Start of Source information
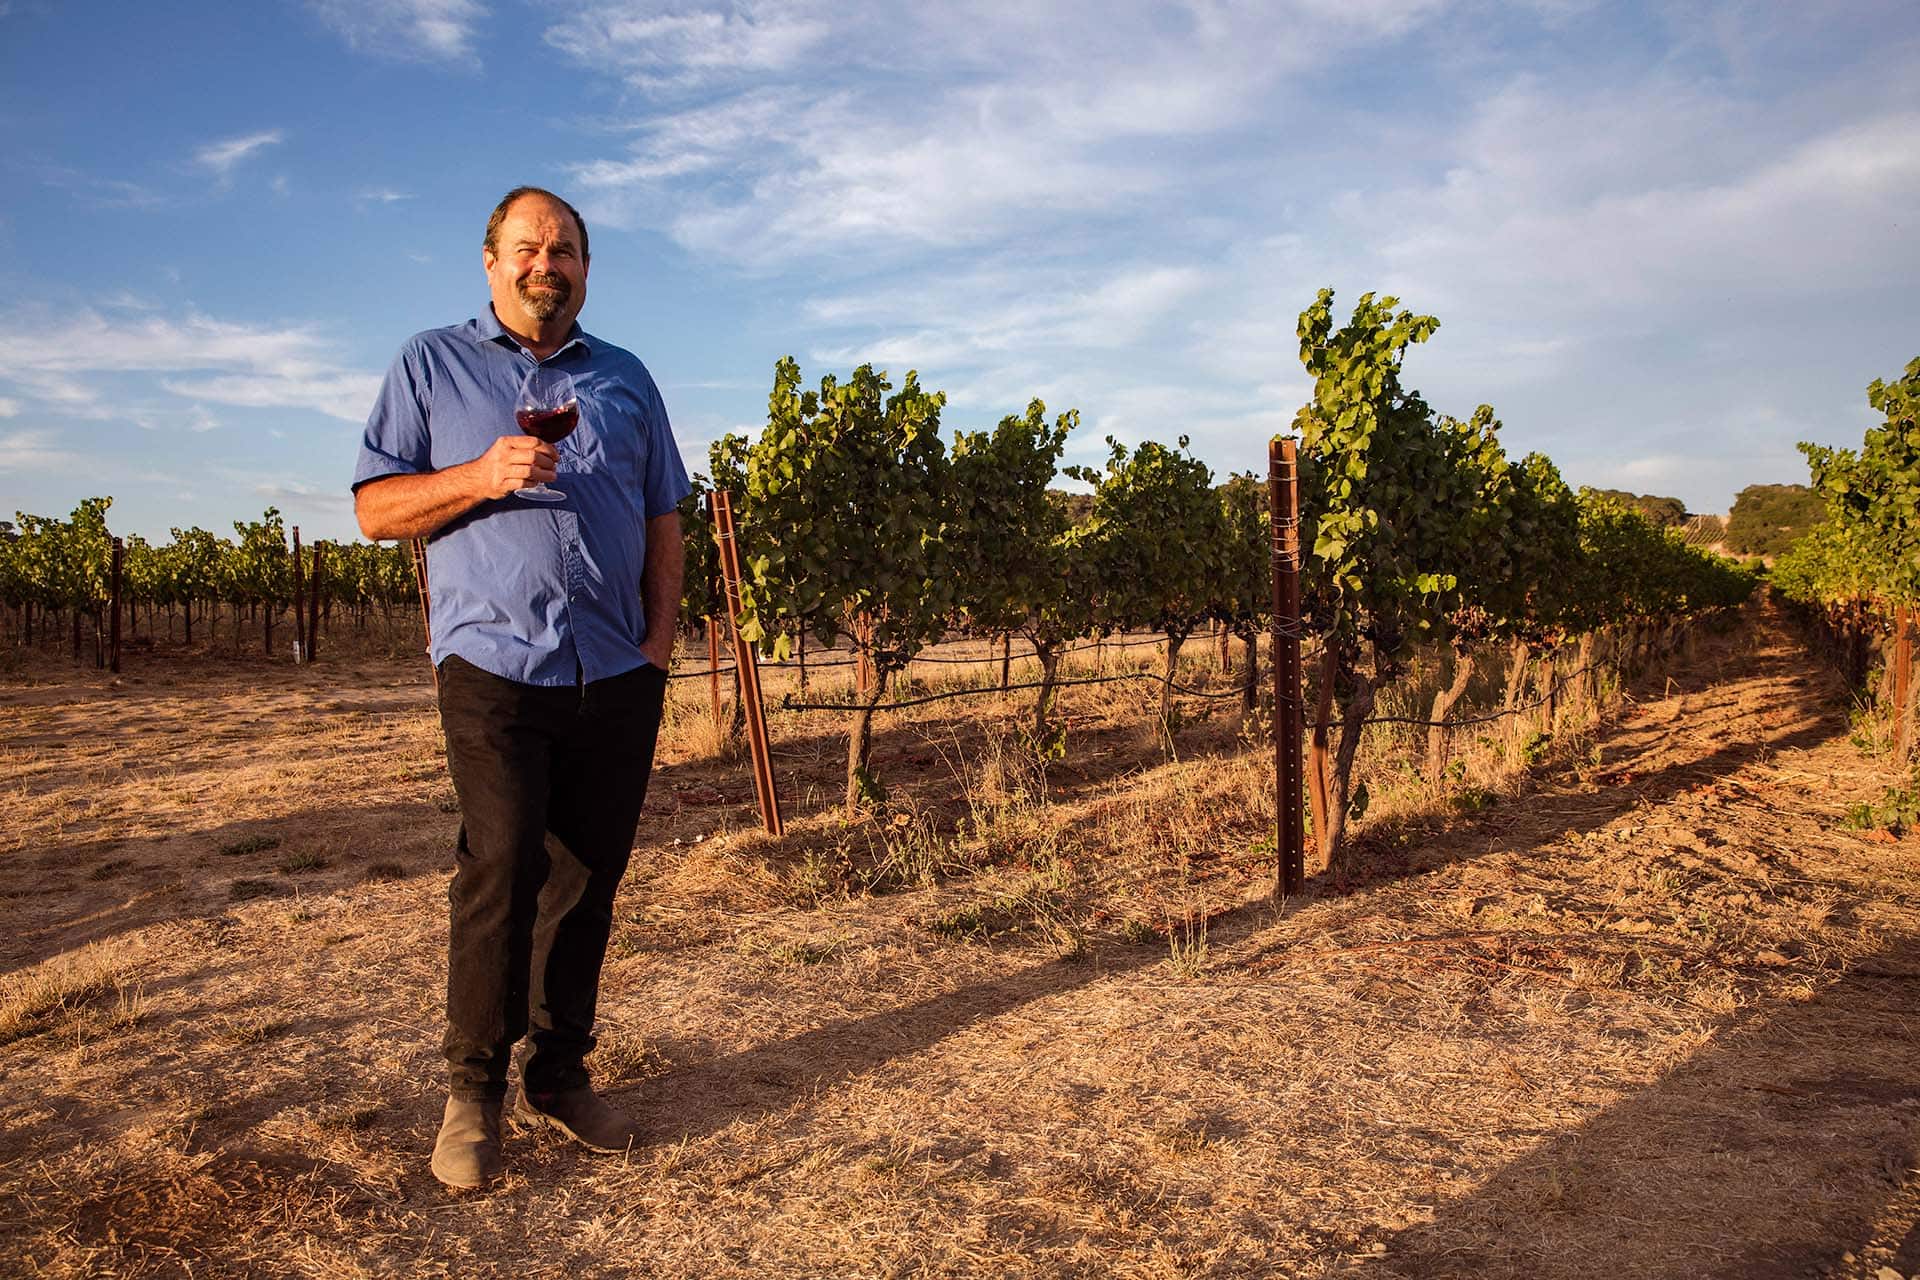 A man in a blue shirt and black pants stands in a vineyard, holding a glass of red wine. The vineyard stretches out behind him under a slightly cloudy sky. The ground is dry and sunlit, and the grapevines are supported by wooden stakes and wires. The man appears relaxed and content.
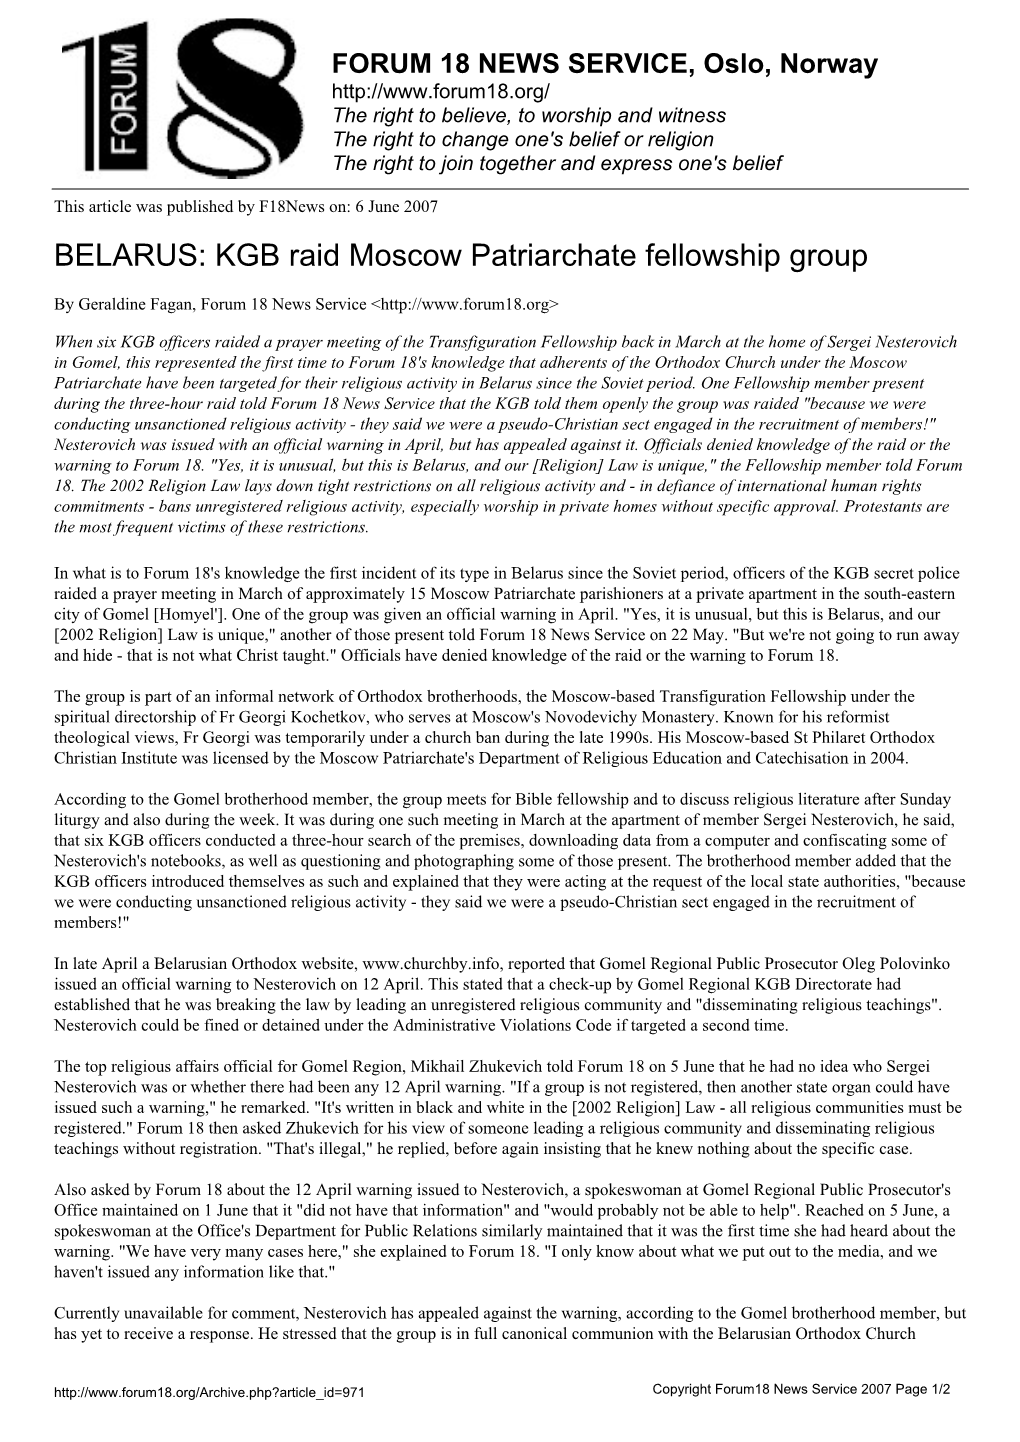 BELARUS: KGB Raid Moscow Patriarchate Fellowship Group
End of Source information
Start of Source information
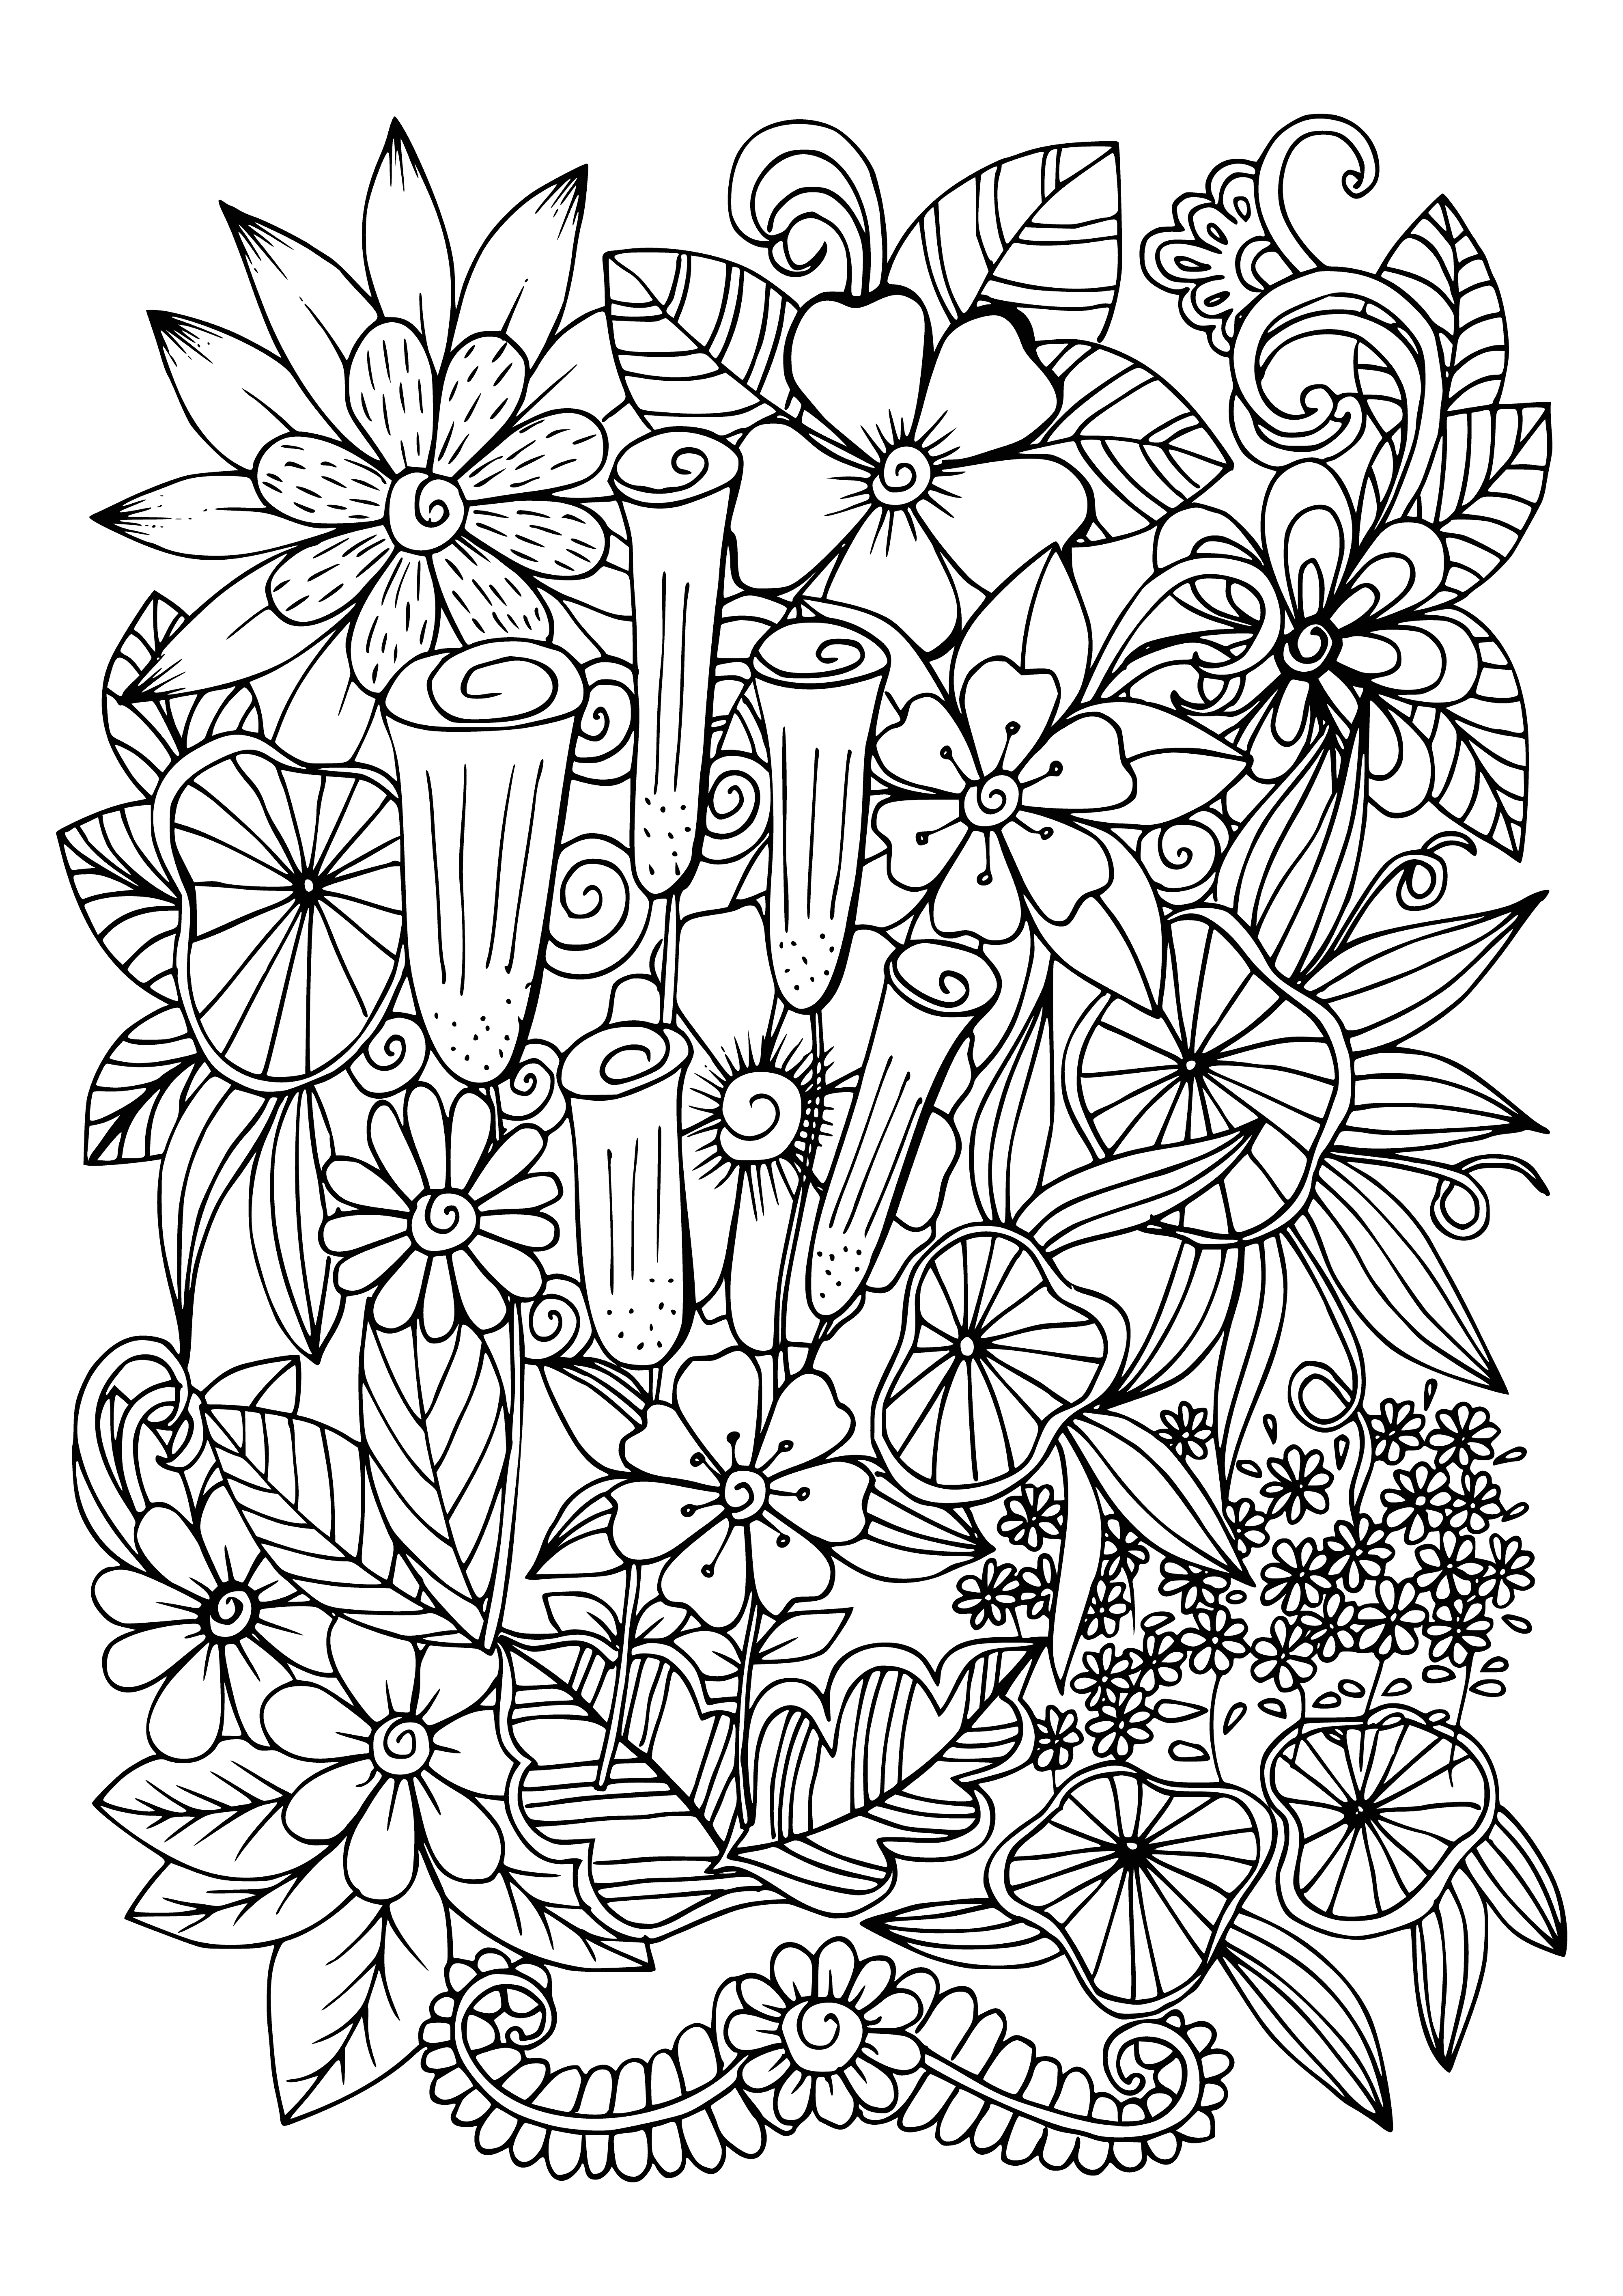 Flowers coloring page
End of Source information
# Action item
The material above holds pictures; leave them out. Repeat exactly the lines from the one containing "A man in a blue" through the one containing "BELARUS: KGB Raid", and nothing else.

# Your response
 A man in a blue shirt and black pants stands in a vineyard, holding a glass of red wine. The vineyard stretches out behind him under a slightly cloudy sky. The ground is dry and sunlit, and the grapevines are supported by wooden stakes and wires. The man appears relaxed and content.
 BELARUS: KGB Raid Moscow Patriarchate Fellowship Group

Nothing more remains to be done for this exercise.